Analysis of the vapours that are released from tires reveals the presence of numerous compounds that constitute the “tire smell.” Some of these, mostly those emanating from the hydrocarbon oils, are potentially toxic. Some, like benzopyrene, are carcinogenic. Occupational exposure can often offer a glimpse into toxic effects of chemicals, but in the case of the tire industry, there are no significant studies, although one small study did suggest an increased risk of heart disease among workers who process tire chemicals.
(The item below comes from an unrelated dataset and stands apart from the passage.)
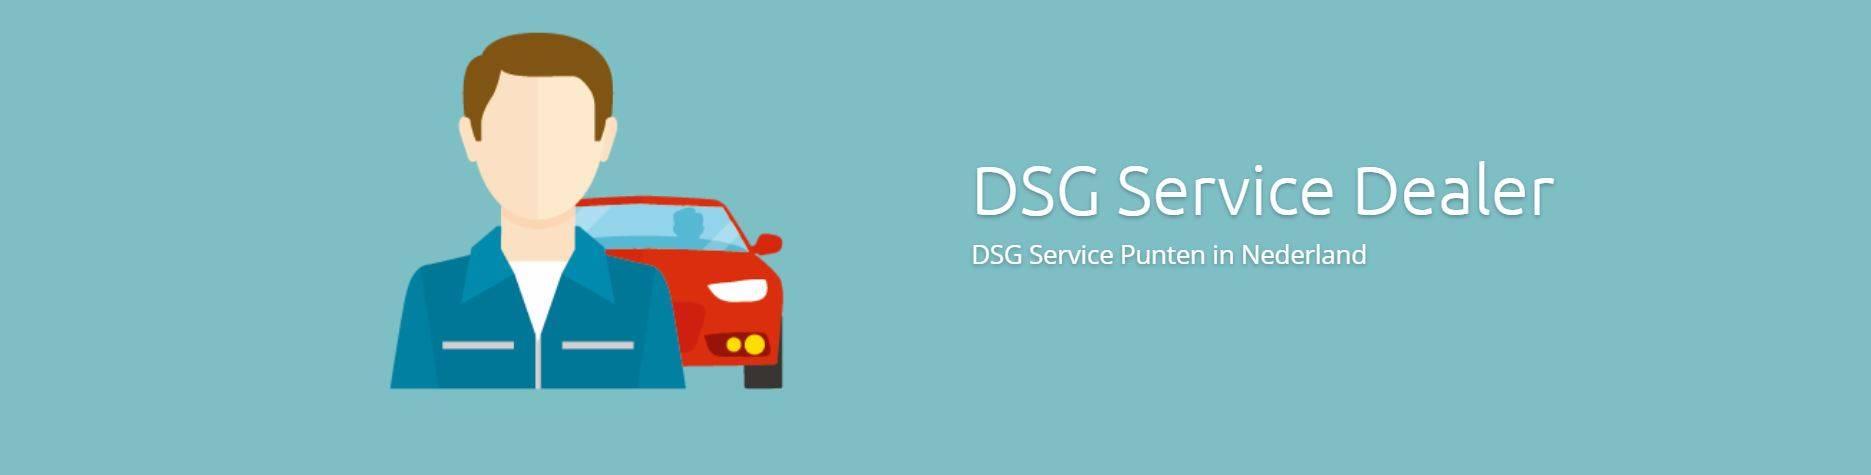 DSG Service Dealer de DSG specialist

An educated guess would be that long term exposure to tire smell should be avoided, particularly by people with respiratory problems. Curiously, there are people who love the scent of new tires, some even describing an addiction to the fragrance. Amazingly, there is even a woman who just loves to chew on tire shavings! Since her addiction began, she has consumed about fifty tires and seems not the worse for wear except for the occasional upset stomach. She claims she is not worried about the chemicals in the tires but does take the precaution of washing the rubber before giving her jaws a workout. I, on the other hand, would have some concern about treating my body to a snack featuring the likes of phenantrene, chrysene, benzylbutyl phthalate and benzothiazole. I would suggest chewing gum instead. Or better yet, an apple.